Business owners should be careful about making hasty decisions around retrenchments 

It is understandable that business owners feel panicky because of the toll Corona is taking on business income. However, many businesses realise that if they implement wholesale retrenchments they will not only lose valuable skills but will also reduce the buying power of the public. This would then further reduce the business’s ability to earn an income.

Many businesses with stressed finances are therefore seeking, in consultation with employees, ways of avoiding retrenchment. These include, amongst possible others, the working of a short time, pay cuts and temporary layoffs.

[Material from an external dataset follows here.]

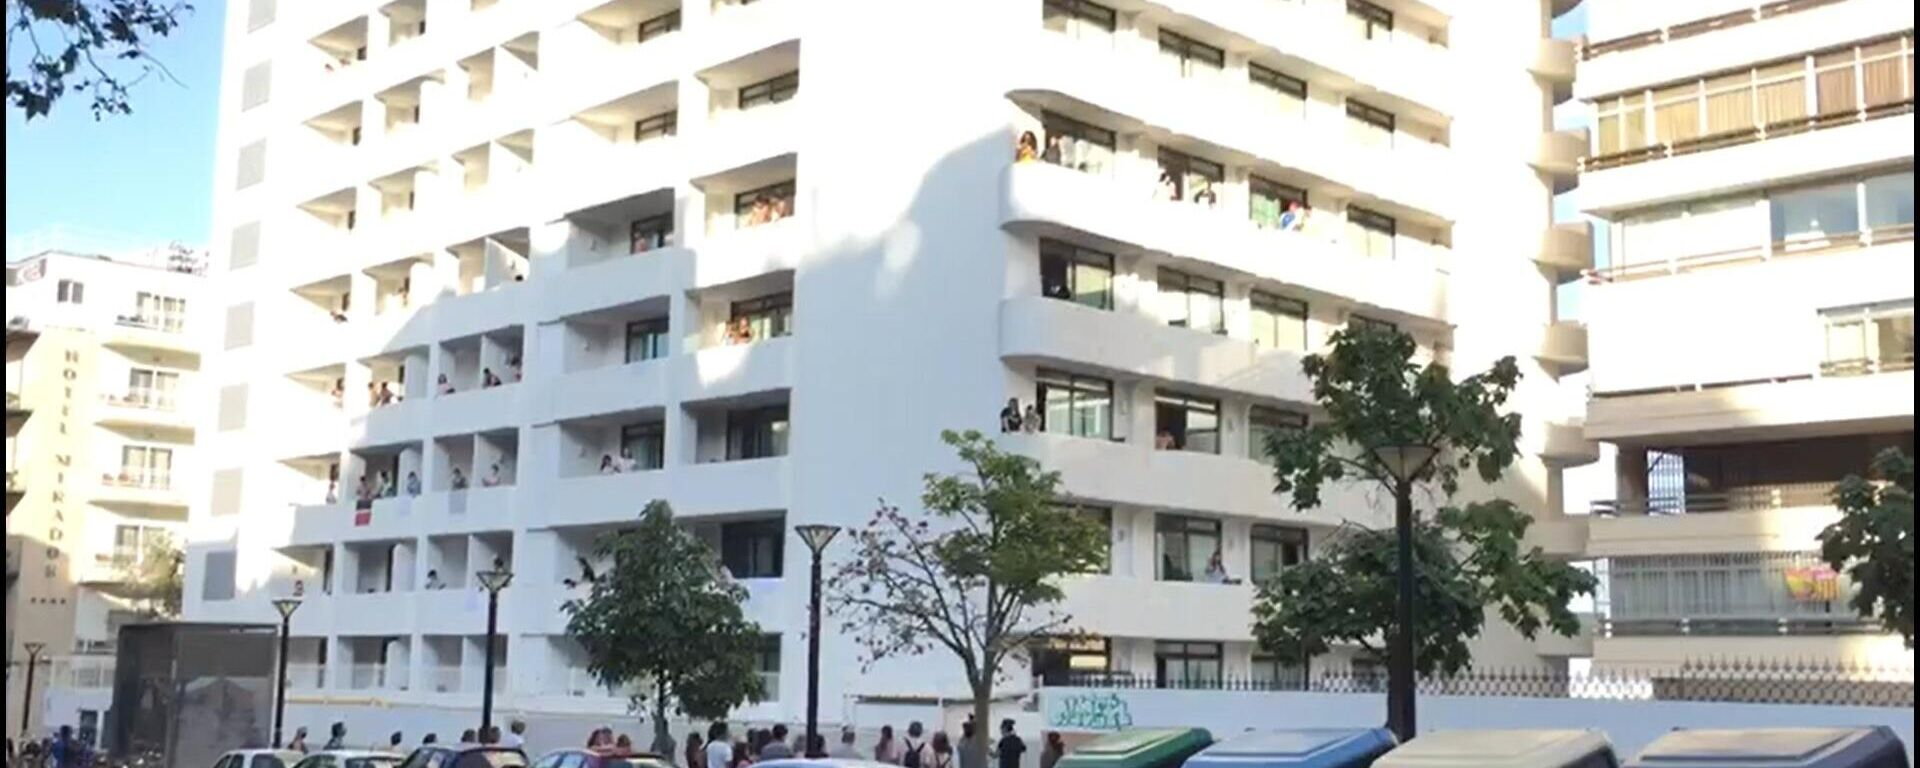 Balcones del hotel COVID-19 donde están aislados los alumnos de otras CCAA por el macrobrote asociado a viajes de estudios de Mallorca - Sputnik Mundo, 1920, 30.06.2021
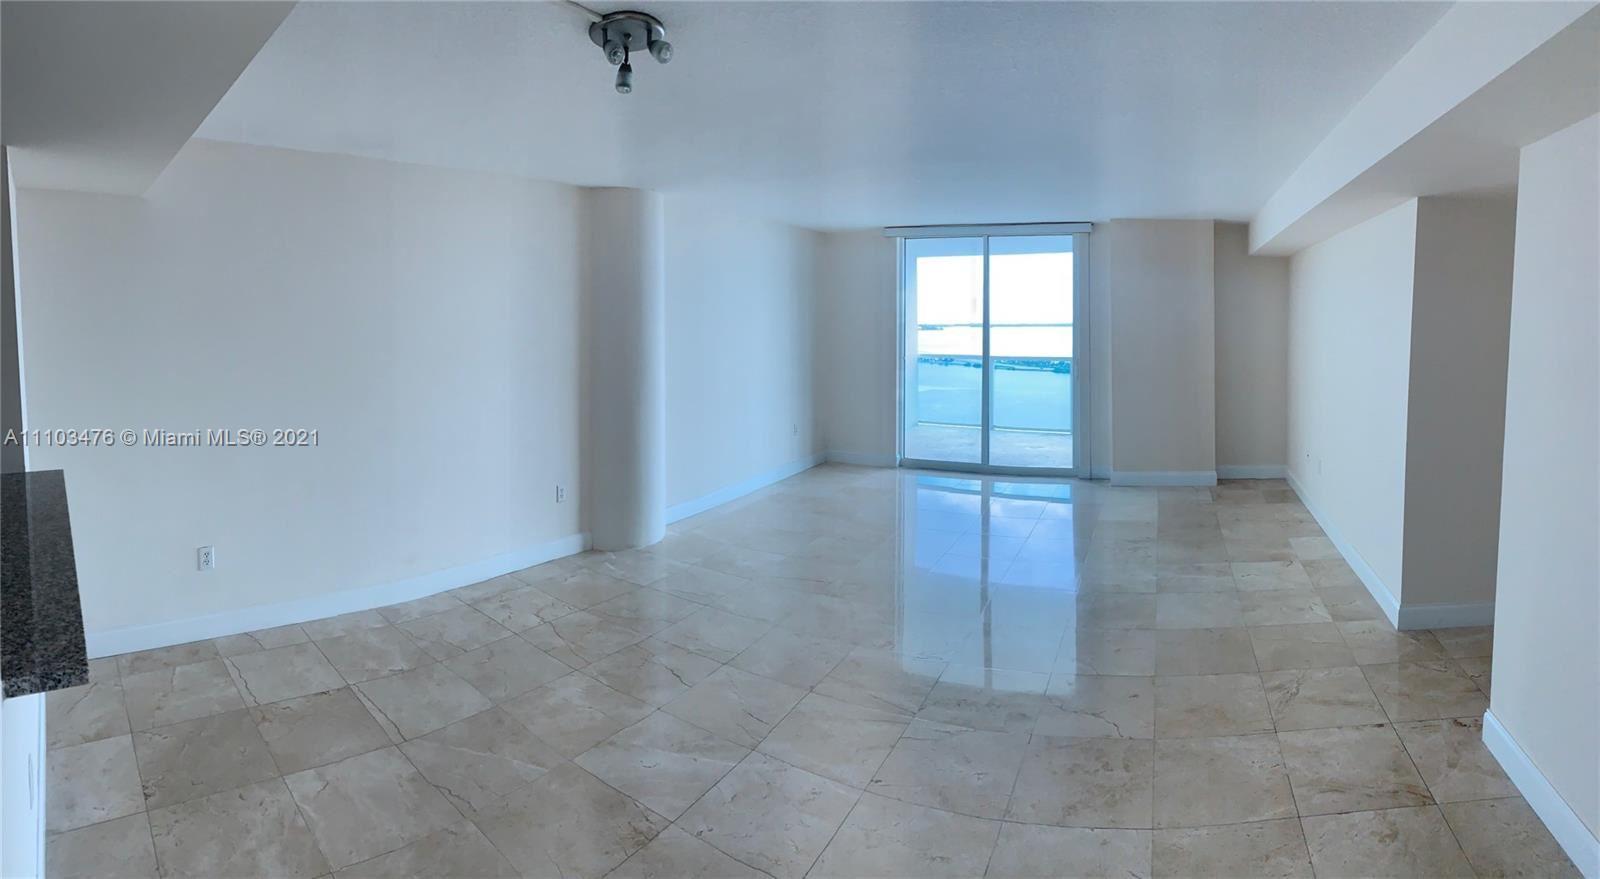 2101 Brickell Ave #2507, Miami, FL 33129 - #: A11103476

These employers are also finding out about the Department of Labour’s Corona Disaster assistance schemes. While the operation of these schemes is still unclear it appears that employer’s that temporarily lay employee’s off without any pay can apply to the Department of Labour for TERS benefits through which employees may qualify for state payments of up to R17000 per month for a maximum of three months. the Department of Labour’s COVID 19 TERS EASY AID guide states that employers may email their TERS benefit applications to [email protected]. together with the following documents:

  • Letter of Authority granting permission to an individual specified to lodge a claim on behalf of the company  
  • An agreement between the state and  the employer   
  • Critical information from the employer   Evidence/payroll as proof of last three months employee(s) salary(s)
  • Confirmation of bank account details in the form of a certified latest bank statement.  

Employers that need information regarding available funding can enquire via the following email address: [email protected]. or phone 012 337 1997.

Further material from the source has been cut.